Introdução
O síndrome de Ehler-Danlos tipo hipermóvel (tipo III, OMIM #130020) (EHD III) é uma patologia do tecido conjuntivo autossómica dominante, cuja etiologia genética permanece desconhecida na maioria dos casos. O diagnóstico assenta em critérios clínicos mal definidos, com grande variabilidade fenotípica, admitindo-se uma prevalência de 1/100 a 1/5000.1
Trata-se de uma doença caracterizada por hipermotilidade articular, hiperextensibilidade da pele e fragilidade dos tecidos, associado a uma variedade de queixas multisistémicas como palpitações, síncope, diarreia, obstipação e alterações da termorregulação.2
As manifestações de disautonomia descritas nestes doentes incluem síndrome de taquicardia postural ortostática (POTS) 1, 2, aumento da actividade simpática em repouso, diminuição da capacidade adaptativa a alterações cardiovasculares agudas, incapacidade de gerar um nível de vasoconstrição periférica adequado. Os sintomas podem ser provocados pelo ortostatismo, exercício físico, refeições, ambientes quentes ou banhos quentes. O mecanismo não se encontra completamente esclarecido; tem um componente de neuropatia periférica mas também de excessiva distensibilidade dos vasos sanguíneos que leva a um menor retorno venoso.2
Além da disautonomia com repercussão nos mecanismos de adaptação cardiovasculares, os doentes com EHD III também podem apresentar envolvimento cardiovascular por outros mecanismos que consistem em a) discreto prolongamento do intervalo PR e da onda P; b) arritmias cardíacas e excesso na conductividade cardíaca; c) insuficiência mitral e tricúspide frequentemente associada a prolapso mitral. O significado destas alterações ainda não é claro pelo que as suas consequências a longo prazo não são conhecidas.3
Caso clínico
Os autores descrevem um caso de uma mulher de 49 anos, enfermeira de profissão, que se apresentava com um quadro de 11 anos de evolução, de agravamento progressivo, de lipotímias e sincope, ocasionais, com pródomos de tonturas, aquando da posição ortostática, com recuperação completa e imediata e com uma duração de poucos segundos, sem aparentes movimentos involuntários ou incontinência de esfíncteres. Da investigação prévia, destaca-se documentação de taquicardia sinusal com o ortostatismo, tendo sido medicada com beta-bloqueante com ligeira melhoria do quadro.

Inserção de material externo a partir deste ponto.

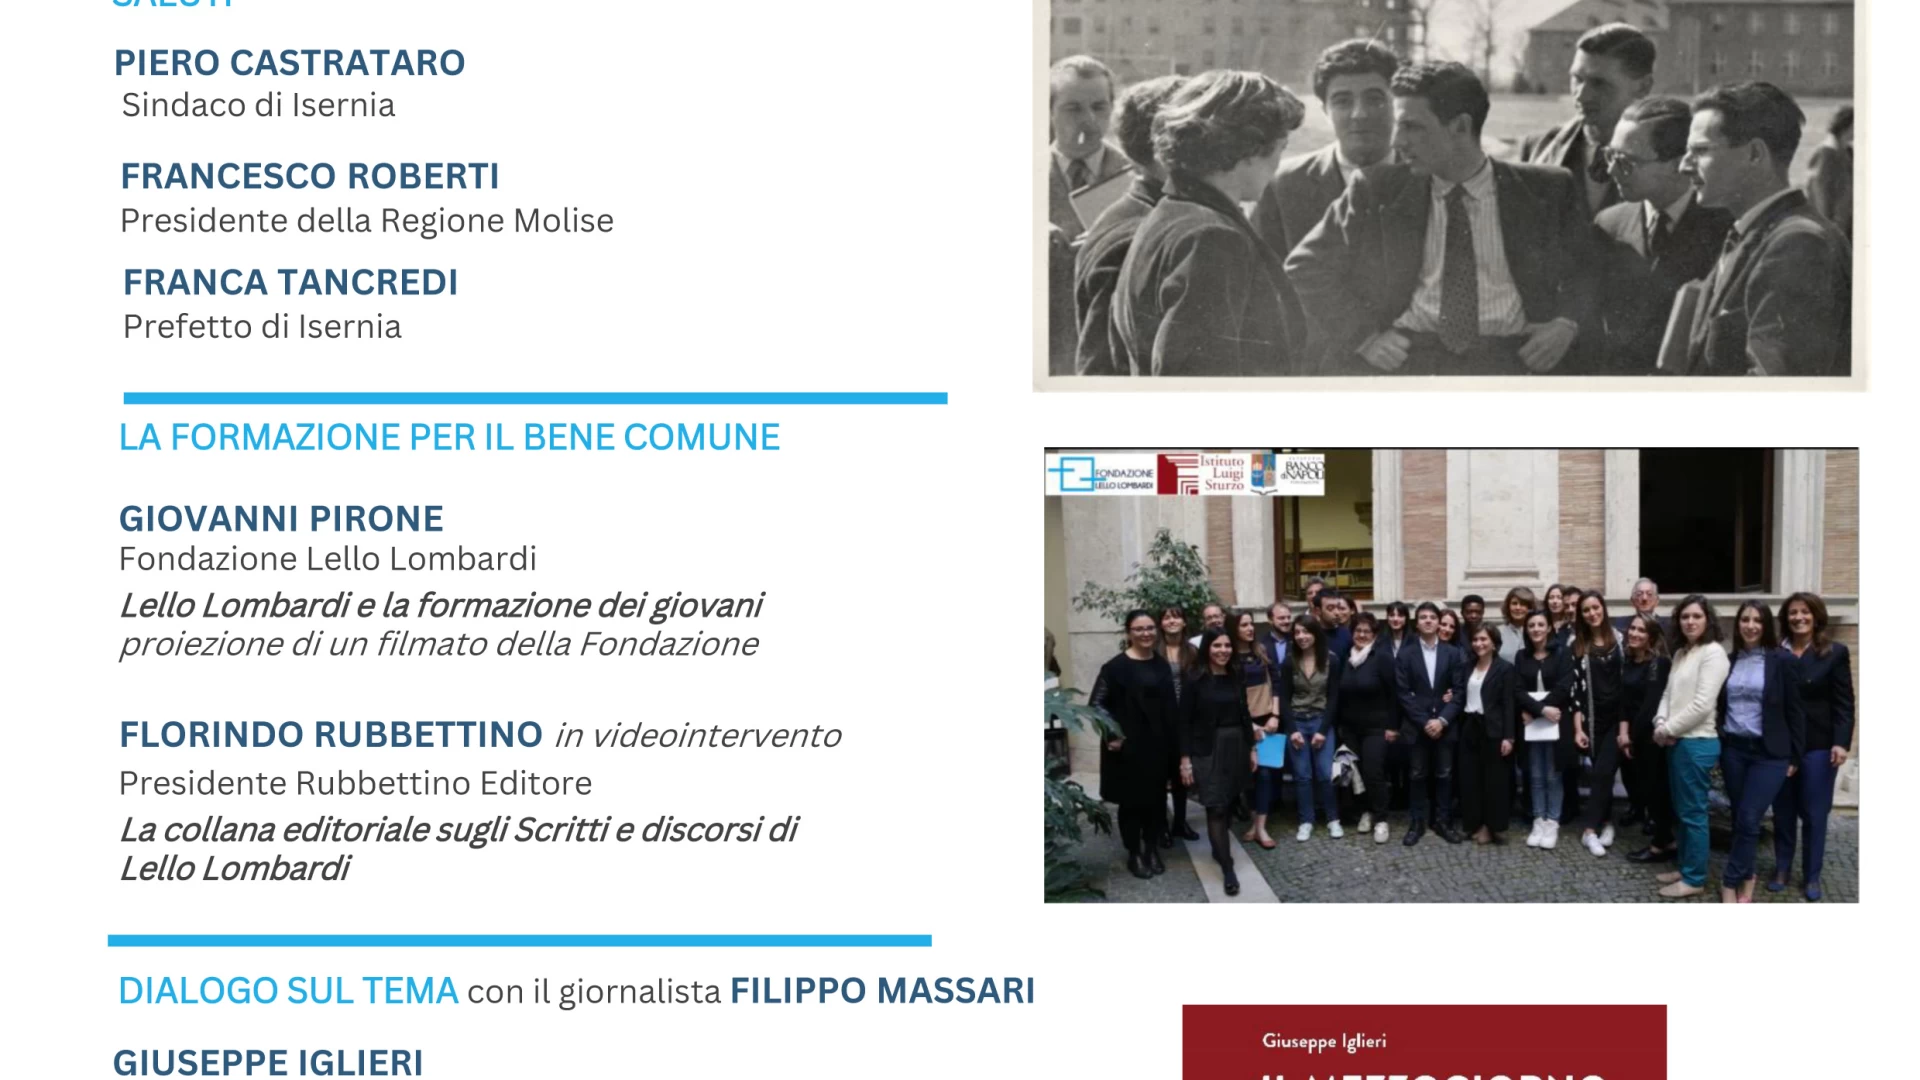 Isernia: all’Auditorium Unita’ d’Italia evento dedicato alla formazione dei giovani promosso dalla fondazione Lello Lombardi.

Realizou no nosso Centro uma avaliação do Sistema Nervoso Autónomo (SNA), que mostrou falência do baroreflexo, sem hipotensão ortostática; no entanto, à data estava medicada com midodrine, ivrabradina, fludrocortisona, o que dificultava a interpretação dos resultados. Foi internada para suspensão da terapêutica e repetição das provas de sistema nervoso autónomo.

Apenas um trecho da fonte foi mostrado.